I was just looking at a job that interested me. It was advertised as an hourly position. I looked at the past positions advertised by this client and noticed that they tended to advertise their positions as hourly positions, but then everyone they hired as fixed-price for a very low price. Judging by the descriptions of the jobs, they aren't one-off kinds of jobs that the fixed-price amounts they paid are appropriate. I'm wondering what is going on here. Is this client just trying to attract people with promises of lots of work and then giving them something else? Or are they hiring people on Upwork for a small amount and then taking them outside? Something seems off here.
I've had those kinds of potential clients as well!
My tip is, if the client negotiates for one thing (hourly contract, your profile rate), and when you agree, they start changing stuff - don't have business with them. That's a big red flag. Some of them might even open the job on one account, but then send the offer from another. Always look for the actions, not their words! You can always decline an offer with zero consequences.
I think I read something about jobs posted from cellphones not having the fixed rate option, but I don't remember it clearly. At any rate, if this client has a history of paying poorly, you might want to avoid applying. Ditto with people who post jobs and seem to hire the same two or three people all the time (situations like this are probably best done by invitation).
Bait & Switch tactics (post jobs as Hourly but rarely if ever pay anything other than Fixed Rate) are unfortunately an all too common ploy by many predatory clients, undoubtedly because they can draw in a larger volume of both experienced and inexperienced FL bids.
I have, however, personally taken on a number of these clients on a Fixed Rate "trial" basis (always making sure that I get at least a 50% milestone payment upfront to BEGIN work) and have generally been happy to knock off one job, at my price, for the clients who are willing to accept my Terms.
I'd say about half pay up and the deal gets done, and about half are time wasters who quickly (after an exchange of an annoying number of repetitive messages) disappear for easier targets.
Checking their history--as you did--is really the best way to get a sense of whether you want to take the minor risk and possibly waste a few Connects.
Work smart, work safe!
I do not know what is your case exactly? A client can post a job as an hourly rate but in the interview, he might want to know an idea of the price. If a freelancer can give him a proper idea of the price after assuming the time he (the freelancer) needs, or a client can also share the budget in his mind and if both of them are happy with that price...definitely they can go for a fixed price procedure. In my case, most of my jobs are as a "fixed price procedure" and I am comfortable to do as a fixed rate than the hourly procedure. Many of my clients posted the job as an hourly rate and when we discuss the price in the interview, both of us were happy to go as a fixed price. I don't think it breaks any TOS of UW. And if a freelancer quotes a low budget, I do not think we should always blame a client for this. A freelancer should be aware of his/her proper remuneration based on his skills and experiences. If a client can't provide the proper value of a Freelancer, the freelancer shouldn't accept the offer. Nobody is forcing here!
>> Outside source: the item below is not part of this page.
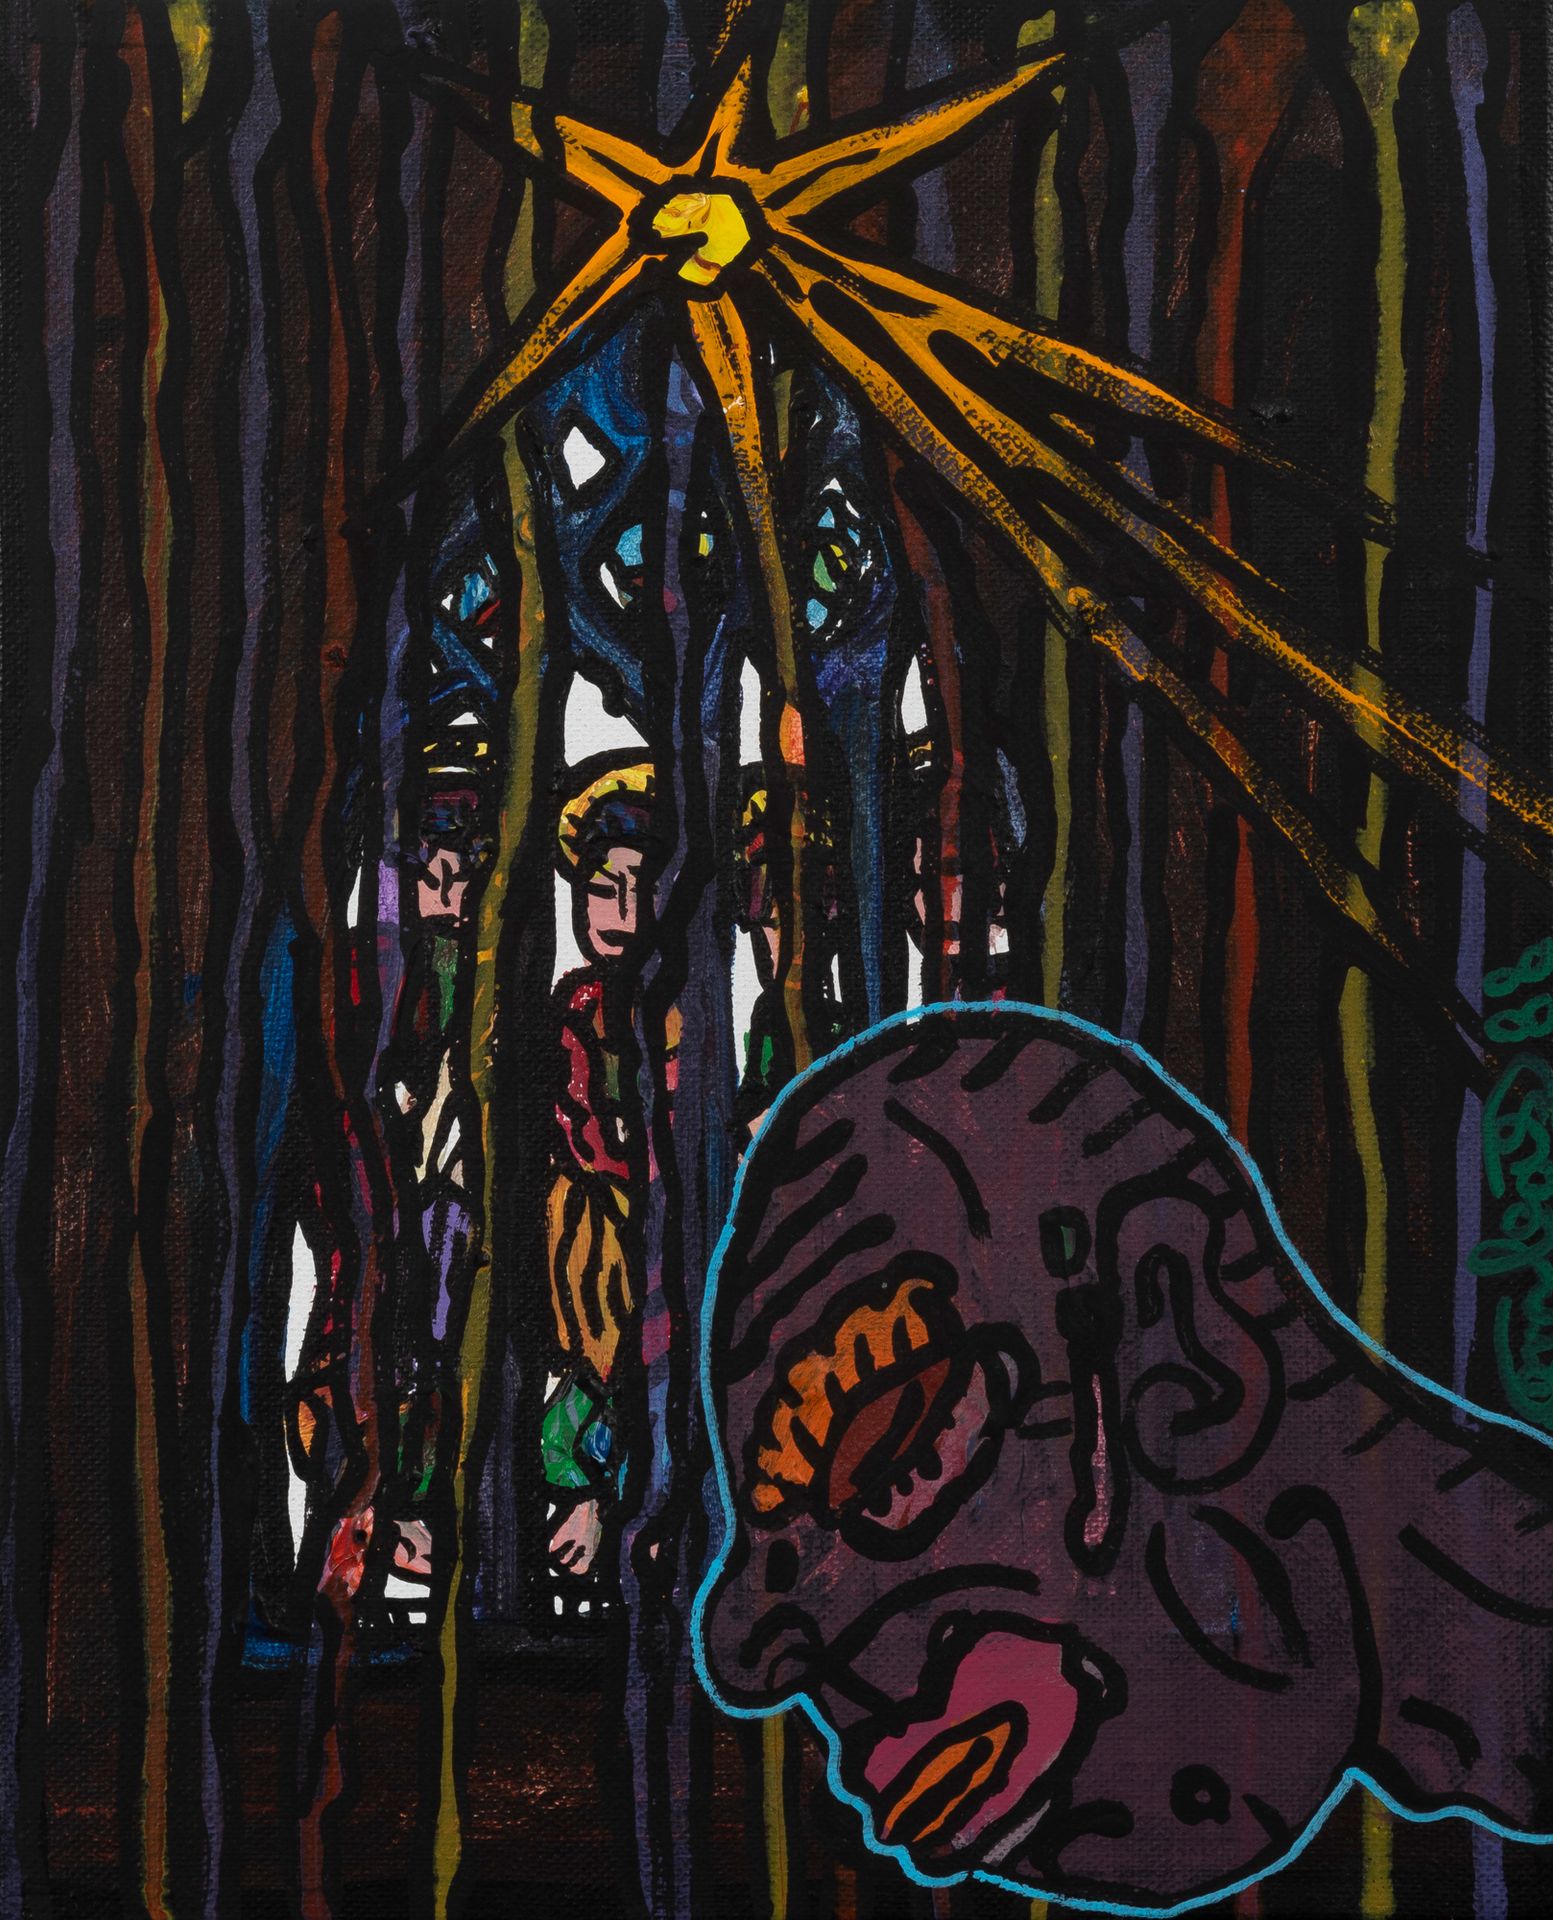 Robert COMBAS (Né en 1957) Le rêve de l'homme noir, 1988
Acrylic on canvas Signe&hellip;

I've worked with a lot of great clients who initially posted as hourly because if they posted as fixed price, Upwork would force them to guess at a budget. Since they didn't know what a reasonable price for what they needed might be and didn't want to deter the right freelancer by guessing too high or too low, they used an hourly posting to avoid that unfortunate requirement.
I've had this happen both ways: where it was a red flag and where it wasn't.
The client where it was a red flag posted an hourly job, then when I had a phone interview with them, and afterwards submitted a proposed scope of work with my hourly rate and an estimated number of hours to complete the job. The client, without discussing with me, then proposed a fixed rate contract for far less than my hourly rate and promises of bonuses. I declined.
Client two and I discussed her needs and the scope of work. She was aware of my hourly rate, but it was also clear we needed to do some prep work together, and we weren't sure how many tasks would be needed. She actually wanted to put me on retainer, but without really knowing how to make that work, I suggested a fixed-rate for the initial research and planning we needed to do, then we would evaluate the number of tasks once I create the actual project plan for her.
It doesn't bother me if a client wants to shift to fixed-price as long as we discuss it and why, and also they aren't clearly trying to stiff me. If they want to do fixed-price because they want to ensure they don't get overcharged for hours, I totally understand that, and we can work that out. I get that they need to build trust as well.
So my experience is that there are "clients" who are doing both: trying to pull a fast one, or just trying to make sure it's a contract structure they are comfortable with. My advice is if you see yellow flags address them early on - be direct, honest, and polite. If there are red flags, just decline politely and don't even debate it. Every time I've ignored a red flag and thought it would resolve itself, I WAS WRONG. Don't ignore your gut. It's not worth it.